Allan Shafer MA(Clin Psych), D Litt et Phil

ACPP Conference Sydney 17th August 2024.

“I am large, I contain multitudes.” 

(Walt Whitman Song of Myself 1855)

In this paper I want to present what I think is a different approach to working in the psychoanalytic psychotherapy relationship. A group relations or systemic perspective attends to the dynamics of the therapeutic field. I propose that the therapeutic field of the dyad contains a multitude of representations.

Over the course of my career as a psychoanalytic psychotherapist I have continuously worked at integrating unconscious systems psychodynamics with a more conventional psychoanalytic approach. This has meant – in part – disengaging from an historical and traditional view of the patient as object, to a view of the therapeutic dyad as a system and as the object of attention in psychoanalytic psychotherapy (Shafer, 2009). As a system the therapeutic dyad contains a multitude of internal representations for both psychotherapist and patient. In other words, the therapeutic dyad is a micro social system and has many of the properties of other open social systems. This includes the unconscious and conscious assumptions that each member brings to co-create the systemic transactions. Hence: “I am large, I contain multitudes.”

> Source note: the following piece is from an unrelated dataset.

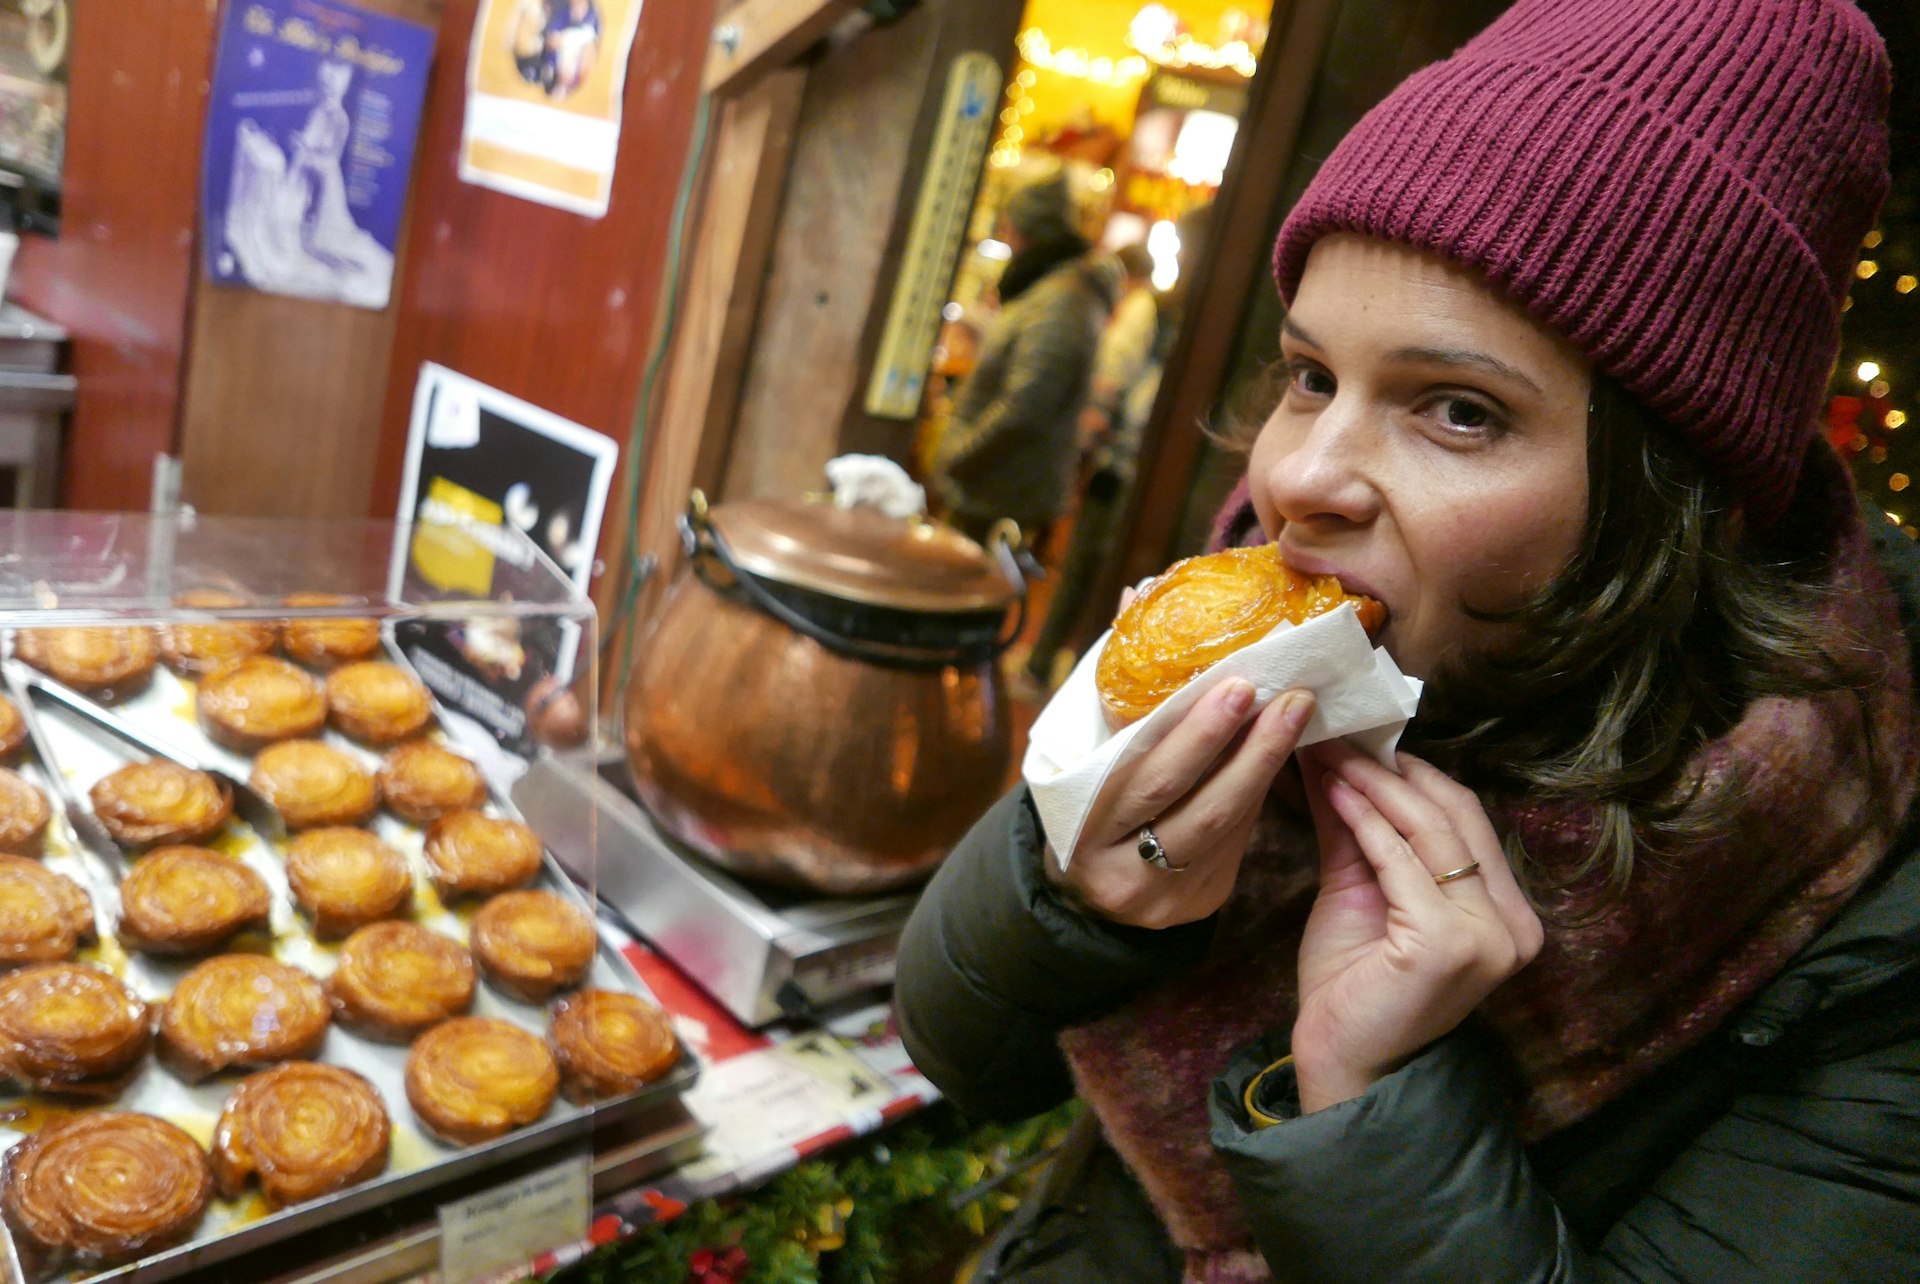  woman eats a kouign amann, a dessert typical of Brittany, in Rochefort-en-Terre, Brittany, France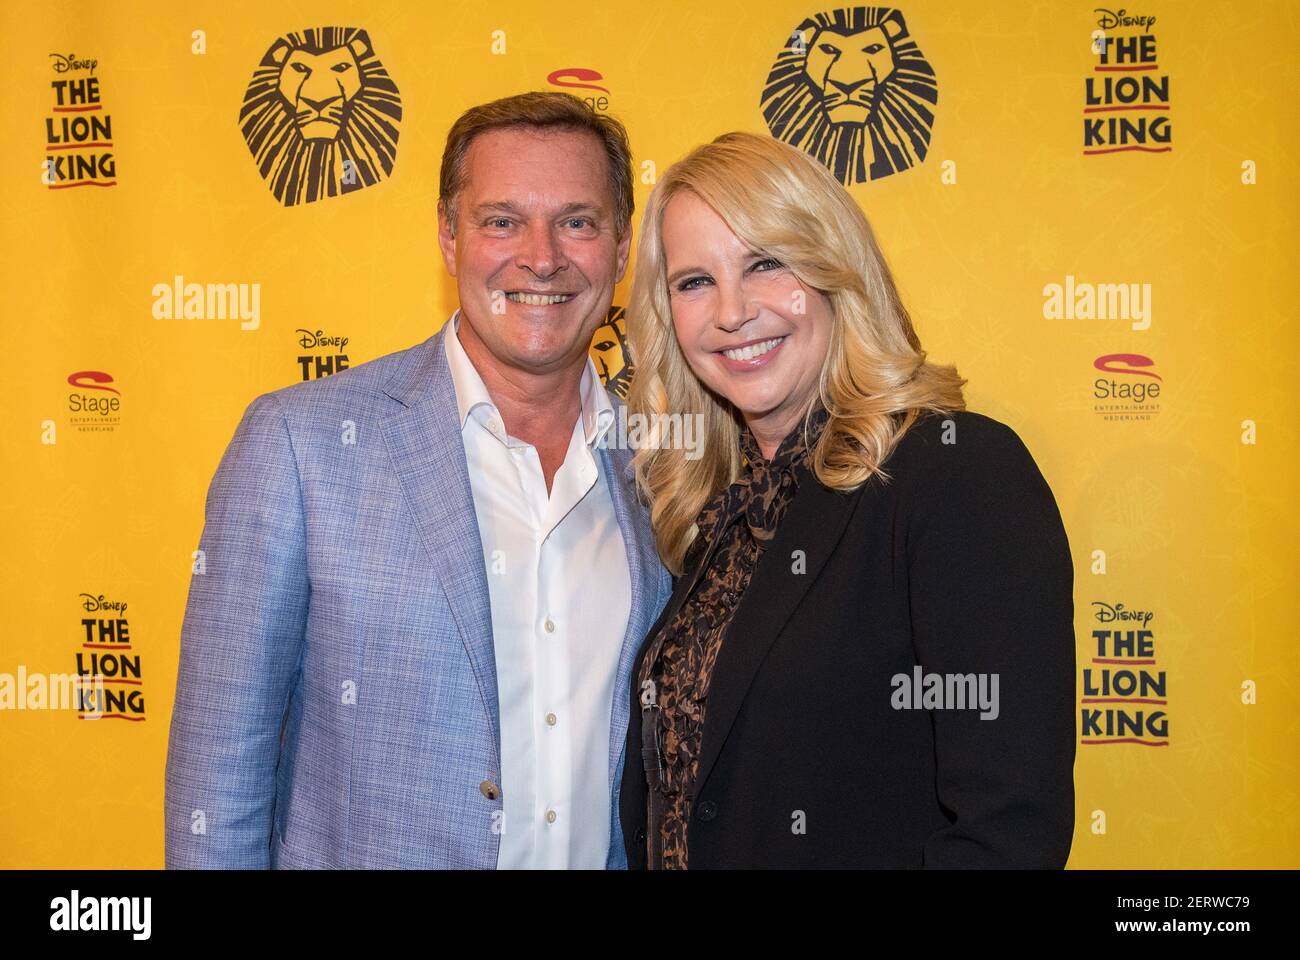 Albert Verlinde and Linda de Mol during the second anniversary of The Lion  King at the AFAS Circus Theater in Scheveningen, the LINDA.foundation by  Linda de Mol will receive a 50,000 checue. (

The vehicle for making sense of this, is subjective observation. As my colleague Susan Long (1996) puts it:

… psychoanalysis, as part of its practise, (aims) to cultivate and employ … a state-of-mind peculiarly able to work with and study the subjective states of mind of others. Such a state of mind is not unchanging, nor does it work in isolation but couples with the state-of-mind of the other in order to arrive at analytic truth. (See also Shafer, 2013)

  1. Group relations.

My evolving understanding of this perspective on the psychoanalytic psychotherapy relationship arises from my decades long intensive and extensive experience in the associated psychoanalytic field called by various names which reflect different emphases:  group relations, socioanalysis or systems psychodynamics.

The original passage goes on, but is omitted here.